Brief
The data below is to be transcribed word for word; pictures are to be excluded.

Collected data

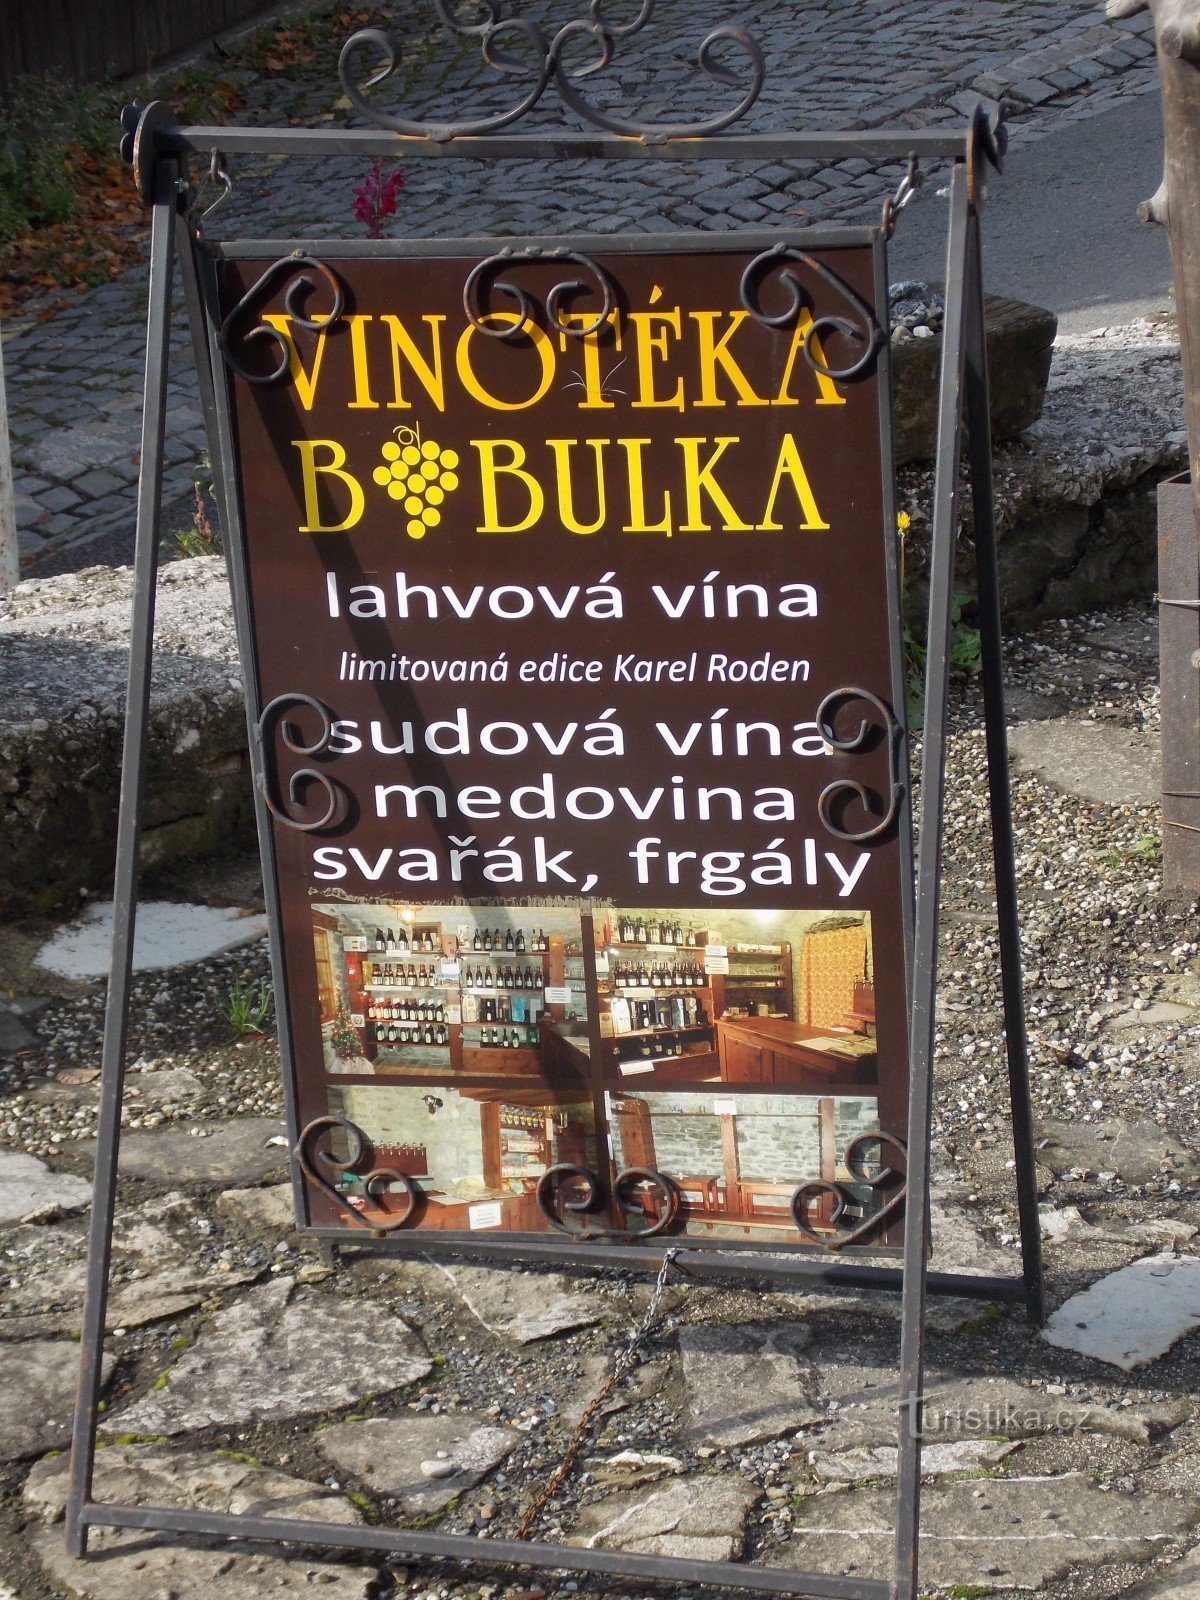 За хорошим вином йдіть у винний магазин Bobulka у Штрамберку
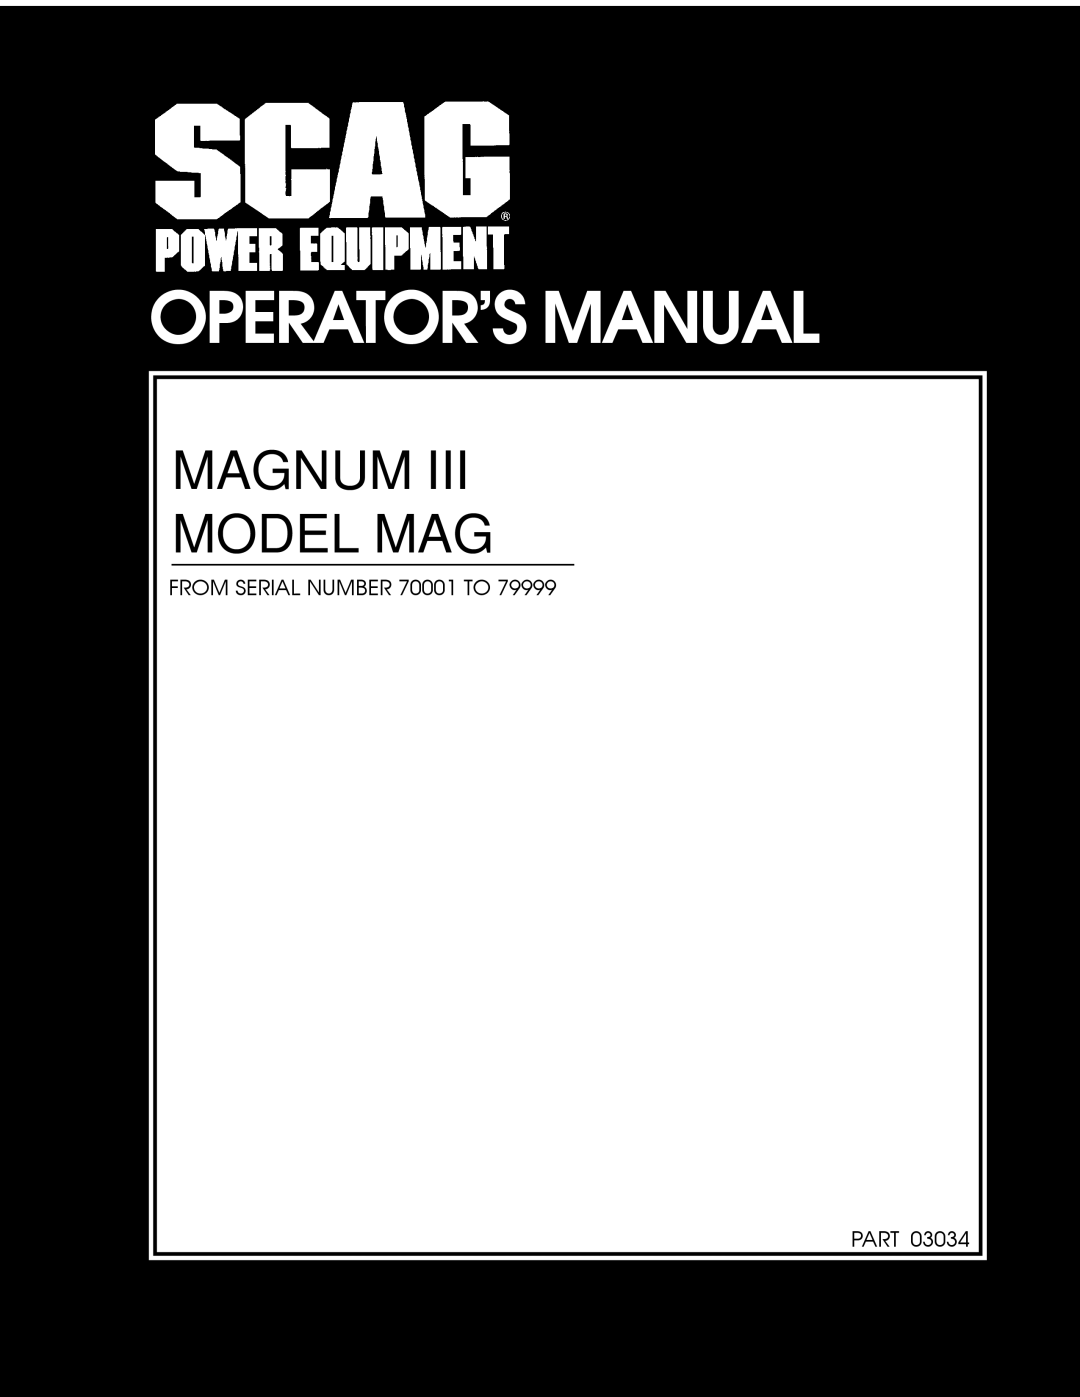 Scag Power Equipment MAG manual Operators Manual, Magnum Model Mag 
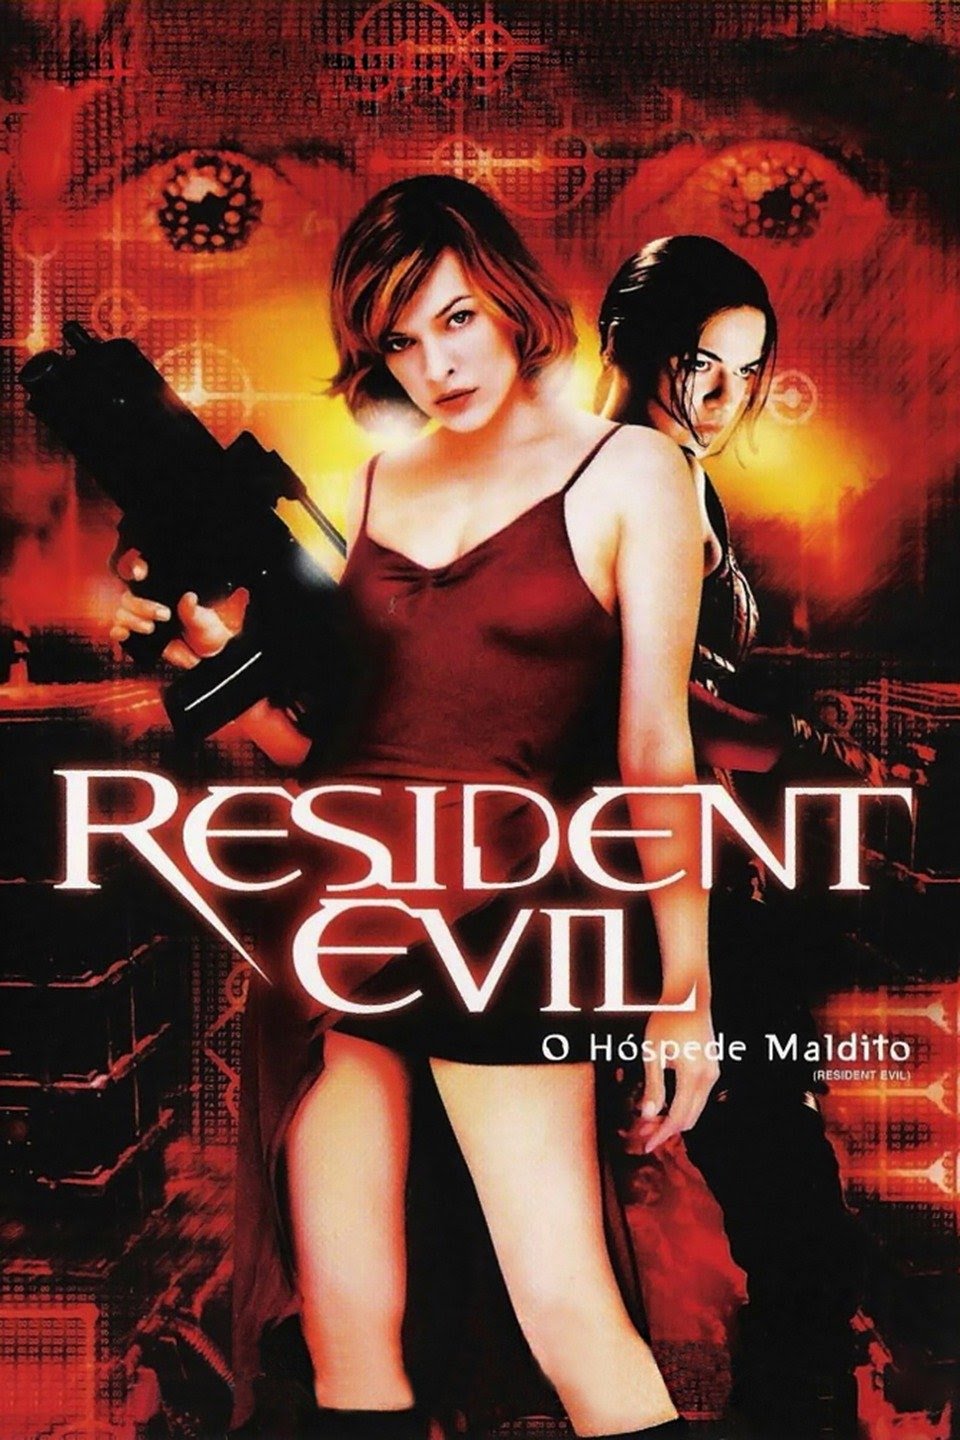 Resident Evil (jogo eletrônico de 2002) – Wikipédia, a enciclopédia livre

Answer to this task
 За хорошим вином йдіть у винний магазин Bobulka у Штрамберку
 Scag Power Equipment MAG manual Operators Manual, Magnum Model Mag 
 Resident Evil (jogo eletrônico de 2002) – Wikipédia, a enciclopédia livre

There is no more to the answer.